Question: Dear Moxie,
I would love to hear your thoughts. I will tell you the short version, then maybe a longer one to provide some context.
I am now 25, and had been in a relationship with someone in his 30’s for 2 years. About 6 months ago, he went on a trip to Asia with guy friends . About a week ago, at a party he hosted, one of his guy friends who was on the trip, said something to the effect of, “J – you know that girl you hooked up with in that club in X?” My ex later told me that he spent the night with a random girl while on the trip, and how sorry he was.
A longer version for context: I am the daughter of Mexican immigrants. I grew up in a trailer park in the central valley, and my parents picked vegetables and work odd end jobs. We did not have a lot – there were times our trailer part did not have running water. I never really dated – I worked and studied through high school, and went to college on a one of those merit based scholarships where your GPA drops, you are done. I pretty much just worked and studied my entire life. I started my PHD program here in the city about 2 years ago. I joined a dating app, as my friends all joked that I was headed to 30 year virgin territories (never been on a date at that time). I met J on the dating app. He was kind of whirl wind every since. He is very charismatic, very smart, and easy to love so to speak. We would sit on his roof and talk for hours. He is older. He just showed me so many things I had never seen/done before. I mention this as part of me recognize that I got a lot out of the
relationship that wasn’t just love and friendship. There were a lot of superficial things as well – like going to places, going to parties, and i had never know anyone who lived in a triplex on Crosby Street before (feel free to redact location). He has really interesting friends (like founders of companies that you hear about). So part of me wonder: how much of things did I *not* see because I wanted to have access to the *things*?

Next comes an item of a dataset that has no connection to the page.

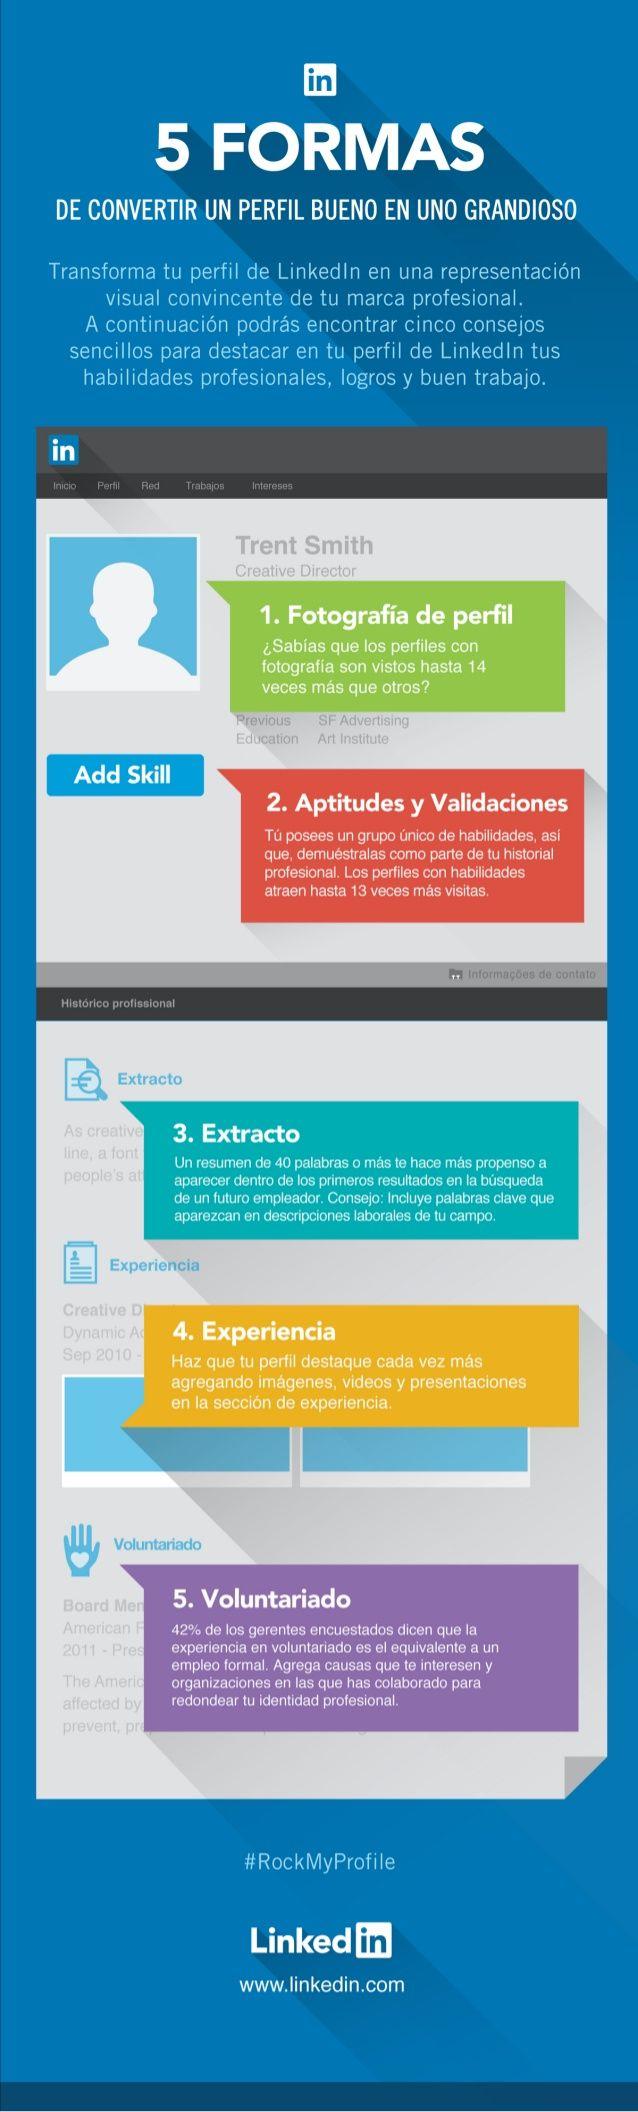 5 formas de convertir un buen perfil de Linkedin en uno grandioso #infografia

Now to the present. He apologized. He is so sorry. It did not mean anything. The one night doesn’t have anything to do with us. Then last night, a friend found him on a new dating app called Bumble, and his profile stated something like, “One thing I learned from my last relationship is to not care too much about how accomplished a girl is. Some Harvard PhDs are boring as hell.” I guess he is/was talking about me. I had to chuckle, and spent all of last night crying.
My question: honestly, was this really my fault? did I overlook things because I wanted the “things”? was this a rookie mistake? Was it all just a fake delusion? Was I in love with the glitter that wasn’t real?
You’re only sin was being inexperienced. The rest is on him. Hes a douchebag who hangs out with other douchebags, a red flag in its own right.
He’s used to being able to impress women with his money and flash. He relies on those things because that’s all he brings to the table. You were the fundamentally inferior to him non-threatening woman that men like that prefer. Women like you – inexperienced and unsophisticated – are exactly what guys like this need. Why? Because underneath the shell they’ve created, there’s just an empty void of nothing. Their personality sucks, they’re probably not that great in bed, they’re not terribly interesting, etc. They have to be with women who don’t have anything to compare them to so that they stay impressive for as long as possible.
He thinks you’re dumb and will believe him or will – at the very least – look the other way because of his status and accomplishments. See, he thinks that’s really what women care about, probably because that’s the only kind of women he’s ever dated. Young women. Inexperienced women. Women who grew up poor. He relies on their innocence and naivete. Meanwhile he’s off cheating or engaging in inappropriate behavior with other women. He’s expecting you to stick around because he thinks you’re stupid.
Prove him wrong by Girl, Bye-ing this douchebag.